* [Available data]

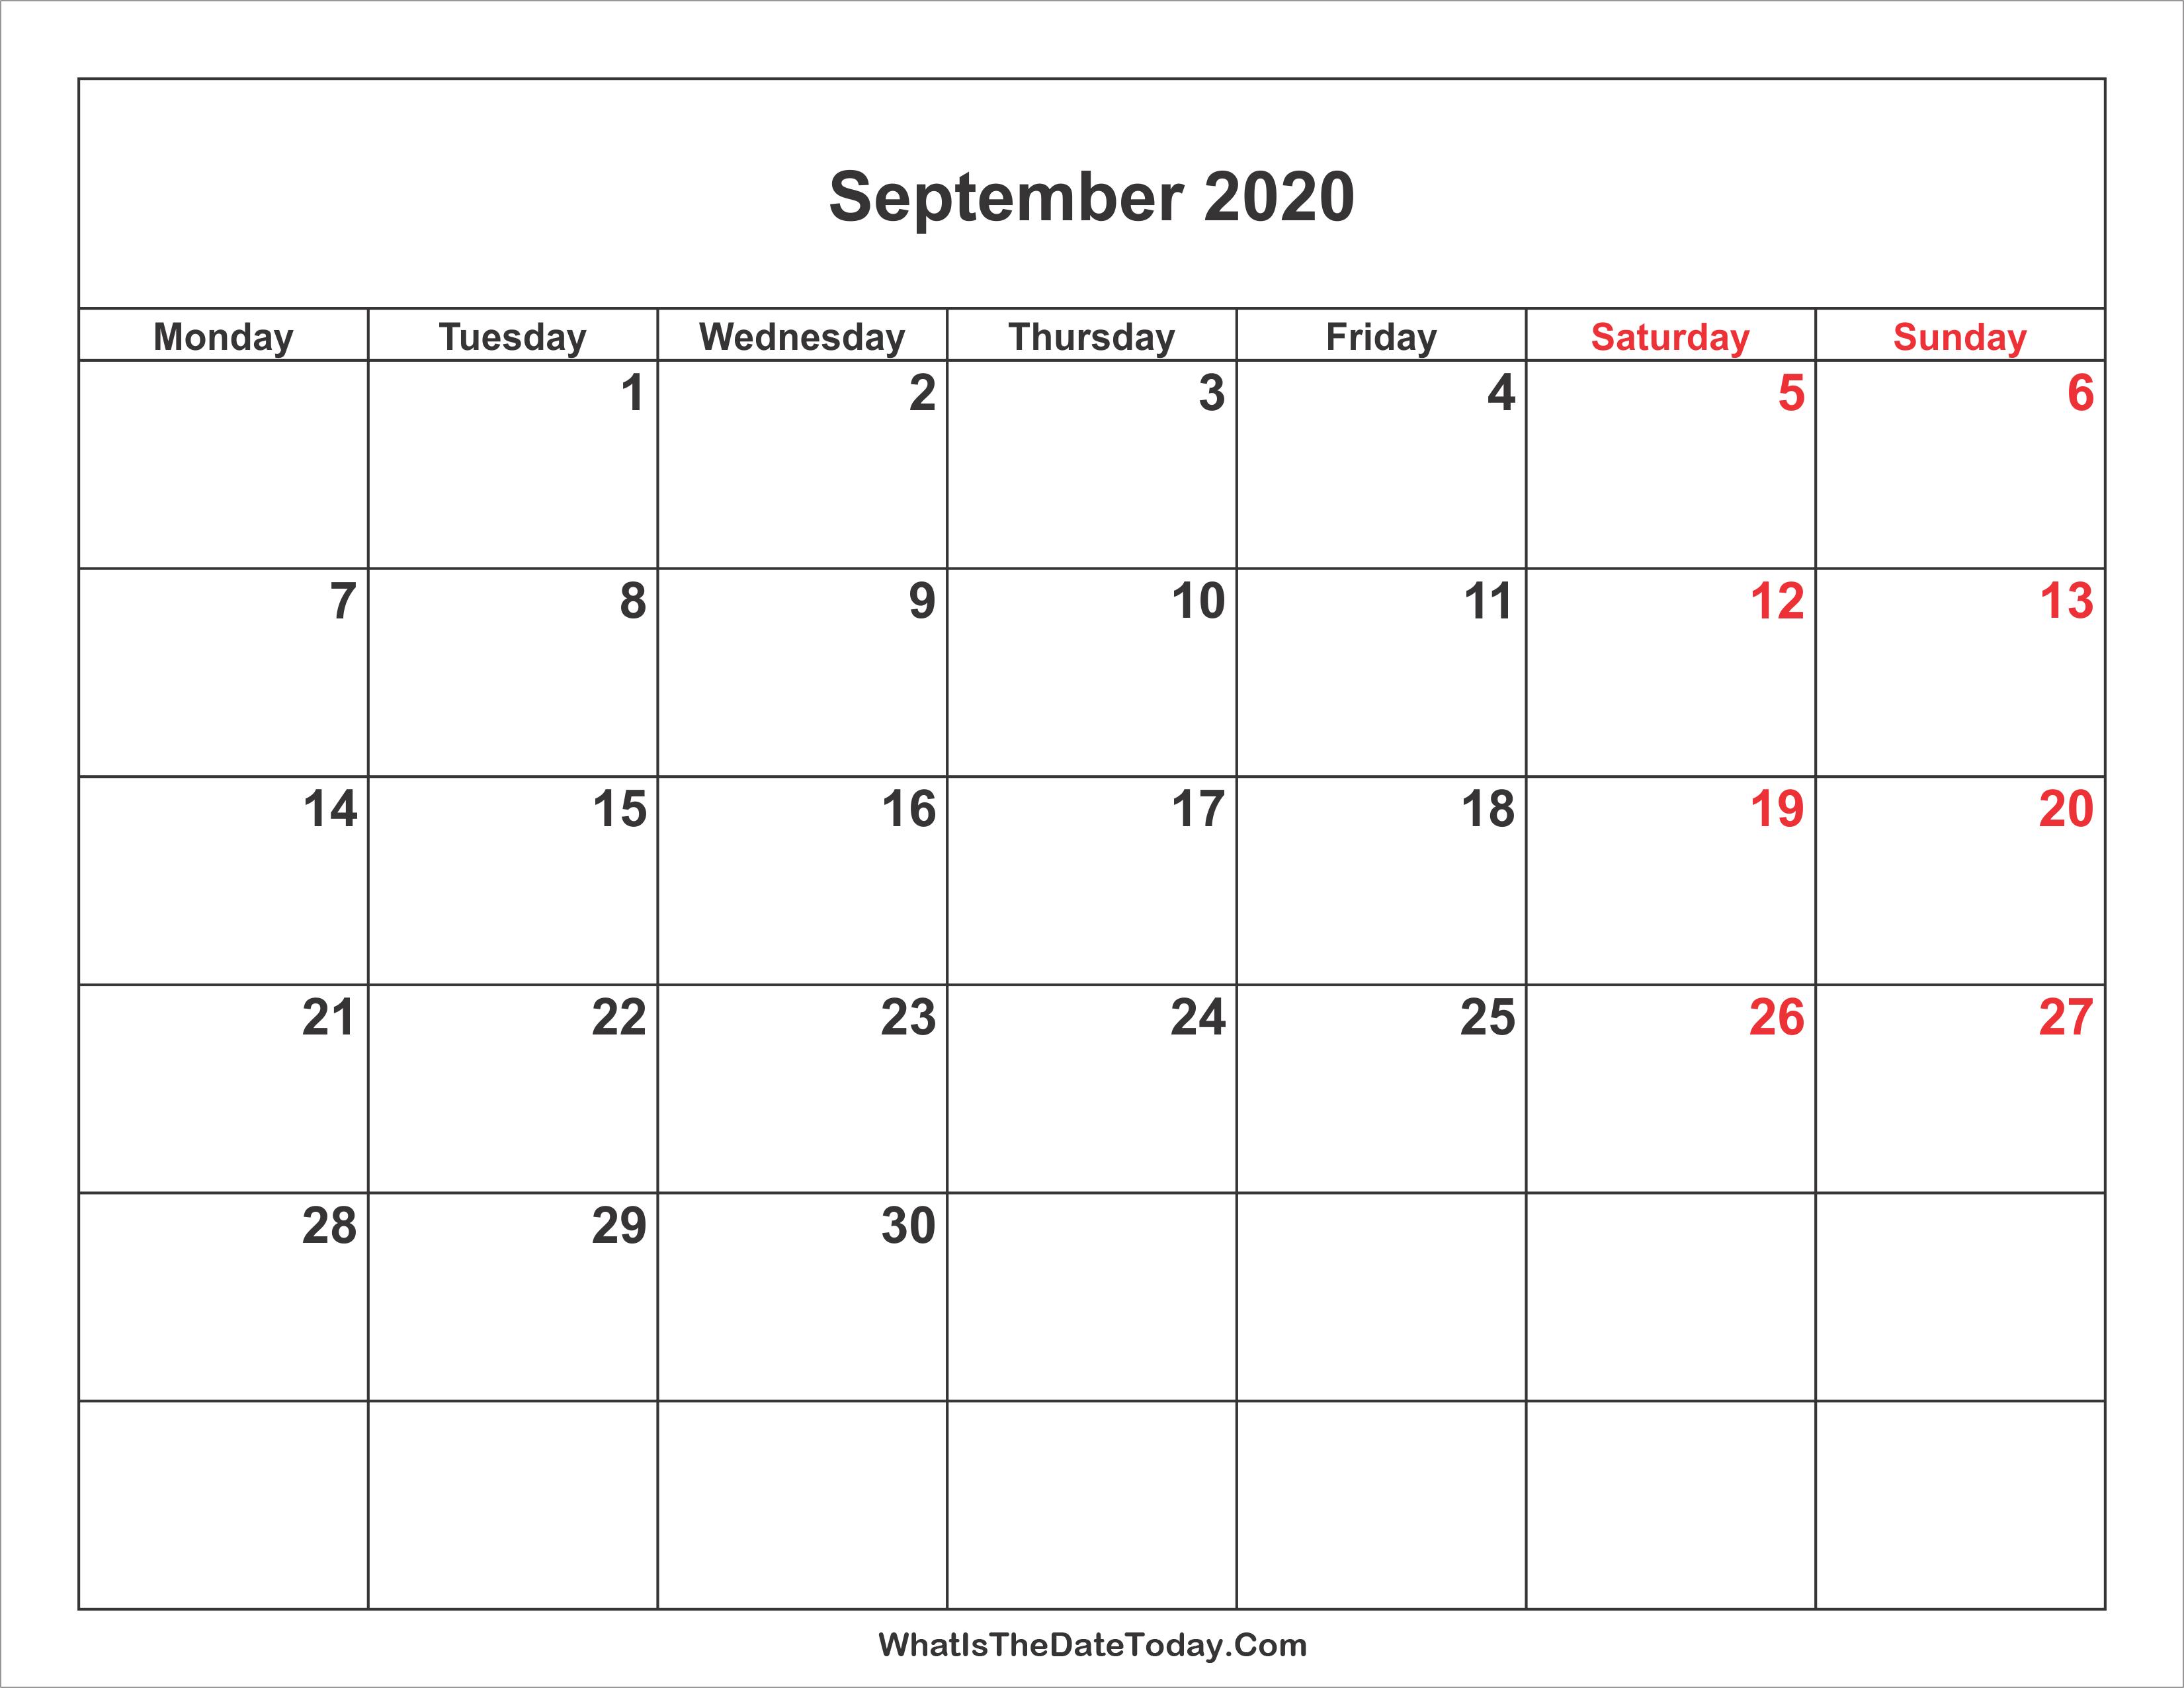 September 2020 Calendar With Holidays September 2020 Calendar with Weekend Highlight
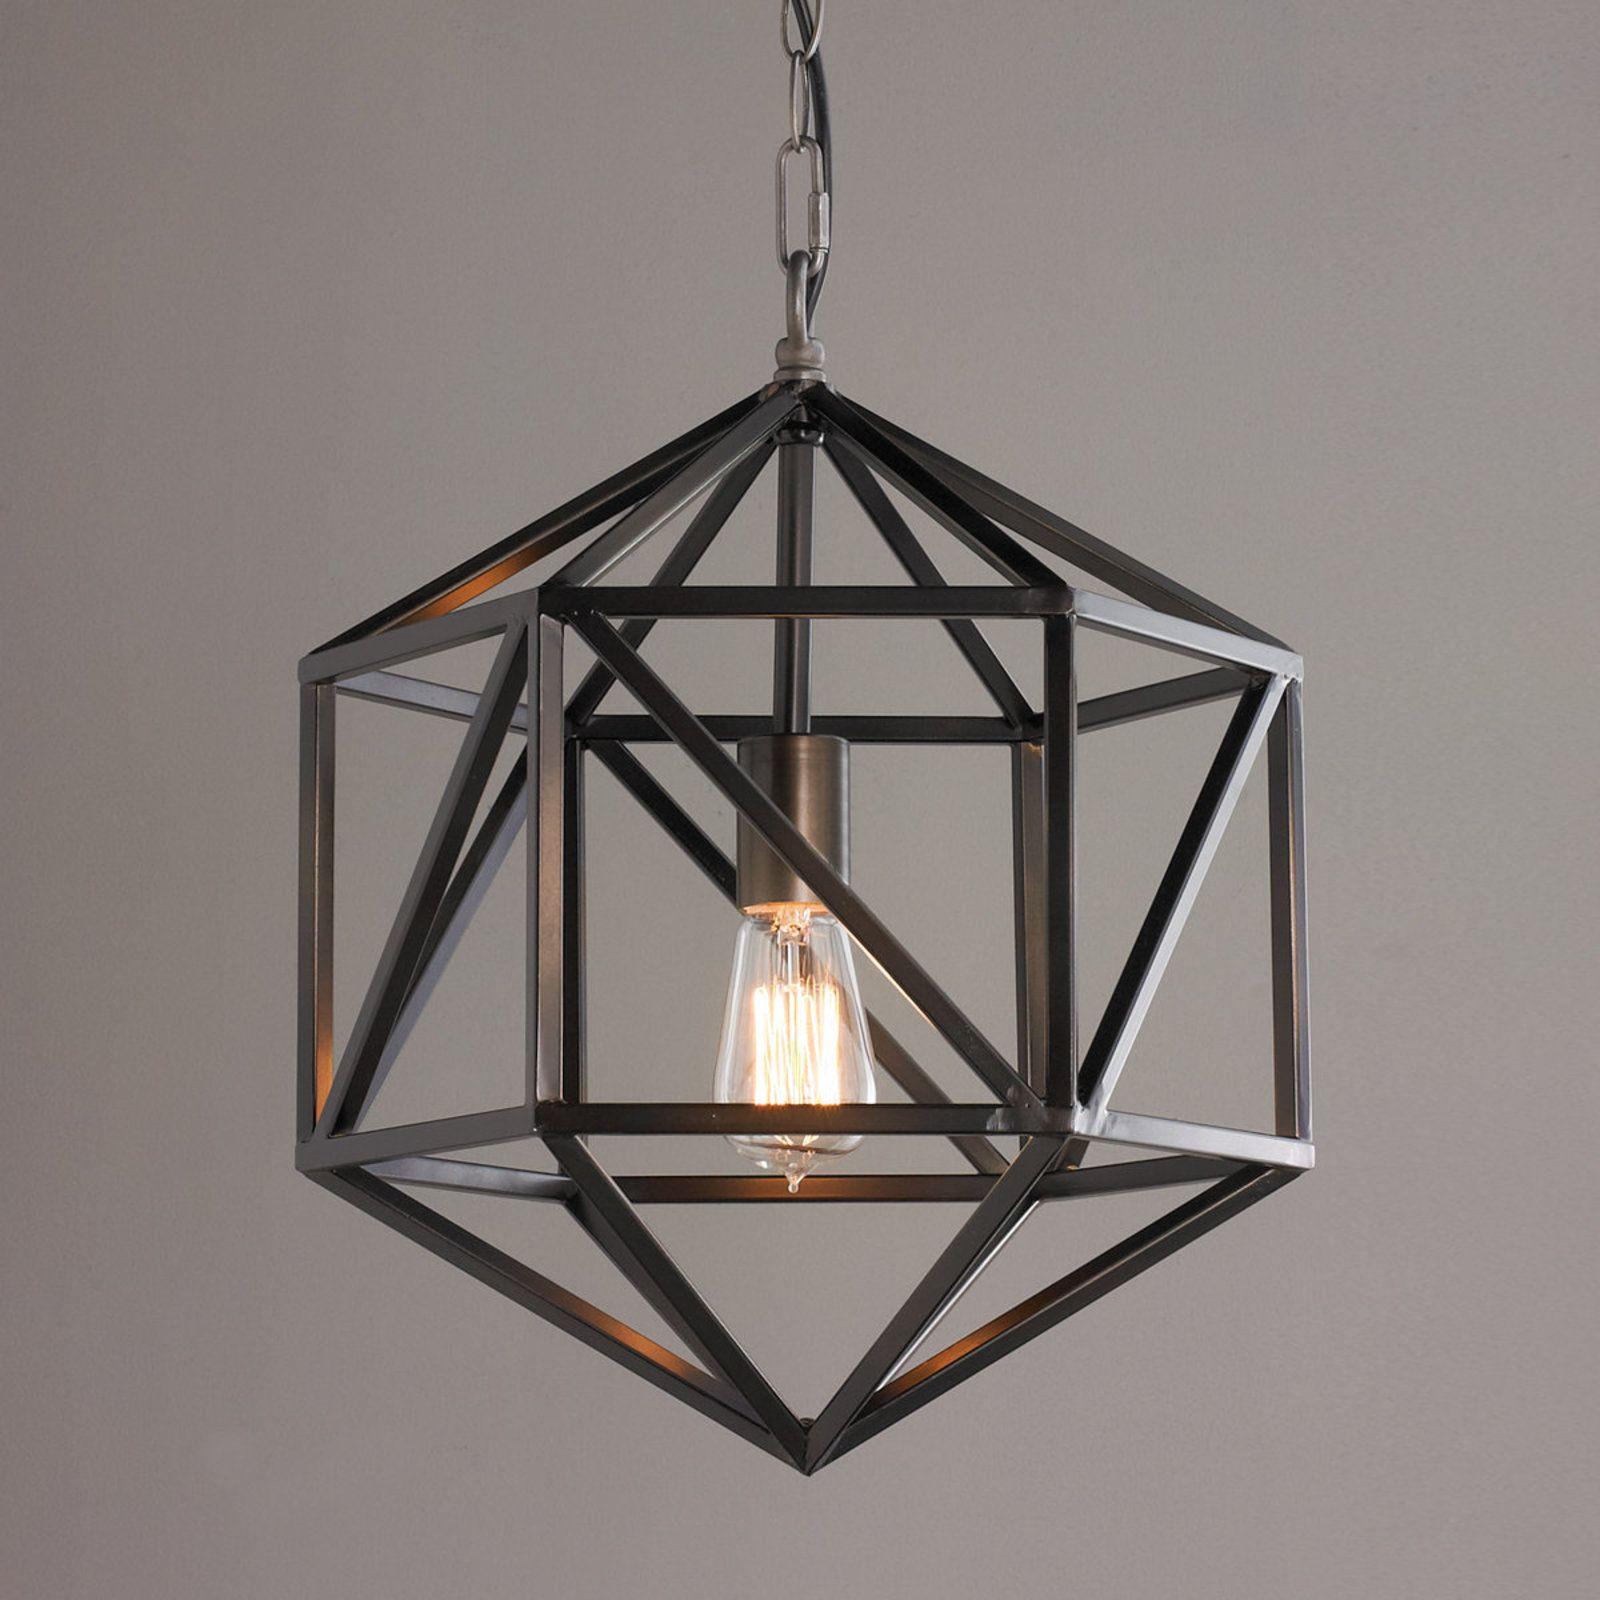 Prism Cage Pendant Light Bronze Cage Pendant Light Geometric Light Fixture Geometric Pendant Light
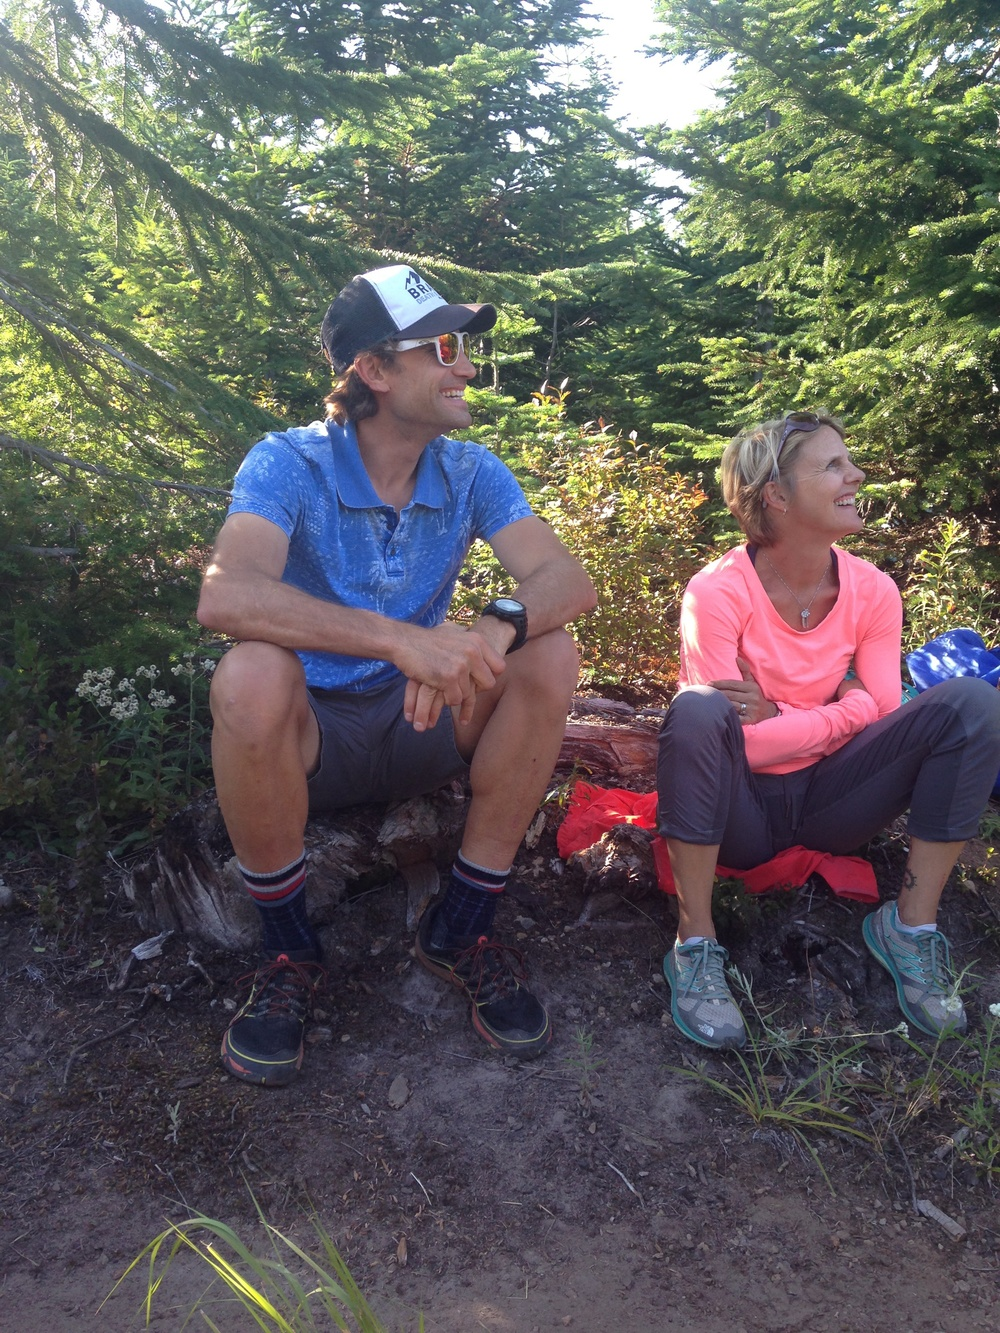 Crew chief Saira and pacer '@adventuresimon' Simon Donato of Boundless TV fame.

* [Task brief] Line by line and exactly, reproduce the span from the line with "Prism Cage Pendant" through the end of the data above, both ends included, with pictures left out.

* [Answer space]
 Prism Cage Pendant Light Bronze Cage Pendant Light Geometric Light Fixture Geometric Pendant Light
 Crew chief Saira and pacer '@adventuresimon' Simon Donato of Boundless TV fame.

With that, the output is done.